I have the following code:
from pyparsing_py3 import *
myVal = Word(alphas+nums+'_')
myFunction = myVal + '(' + delimitedList( myVal ) + ')'
myExpr = Forward()
mySubExpr = ( \
myVal \
| (Suppress('(') + Group(myExpr) + Suppress(')')) \
| myFunction \
)
myExpr << Group( mySubExpr + ZeroOrMore( oneOf('+ - / * =') + mySubExpr ) )
# SHOULD return: [blah, [foo, +, bar]]
# but actually returns: [blah]
print(myExpr.parseString('blah(foo+bar)'))
A couple of questions: delimitedList looks for the comma-delimited list myVal, ie identifiers, as the only acceptable form of argument list, so of course it cannot match "foo + bar" (not the comma-delimited list myVal!); a fix that shows differently - myVal and myFunction start the same, so their order in mySubExpr matters; which shows another one - two levels of nesting instead of one. These versions look ok ...:
myVal = Word(alphas+nums+'_')
myExpr = Forward()
mySubExpr = (
(Suppress('(') + Group(myExpr) + Suppress(')'))

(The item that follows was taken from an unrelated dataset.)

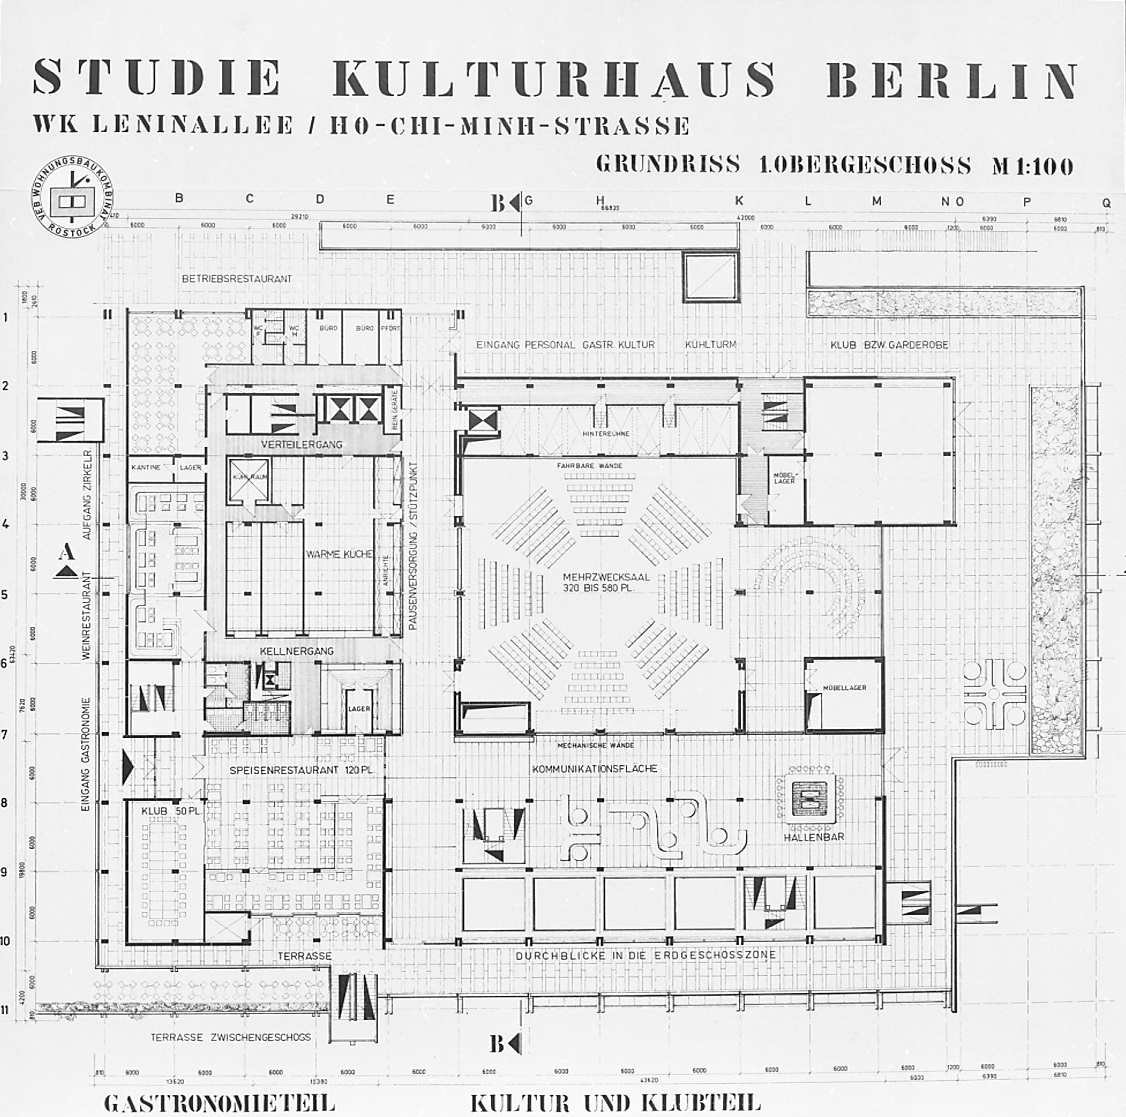 Studie Kulturhaus Berlin

| myVal + Suppress('(') + Group(delimitedList(myExpr)) + Suppress(')')
| myVal
)
myExpr << mySubExpr + ZeroOrMore( oneOf('+ - / * =') + mySubExpr )
print(myExpr.parseString('blah(foo+bar)'))
emits ['blah', ['foo', '+', 'bar']]
at will. I've also removed the redundant backslashes, since the logical continuation of the line occurs within parentheses; they were harmless, but obstructed readability.
source to share
I have found that it is a good habit to enter into when using the '<<forward operator is to always enclose the RHS in parentheses. I.e:
myExpr << mySubExpr + ZeroOrMore( oneOf('+ - / * =') + mySubExpr )
it's better:
myExpr << ( mySubExpr + ZeroOrMore( oneOf('+ - / * =') + mySubExpr ) )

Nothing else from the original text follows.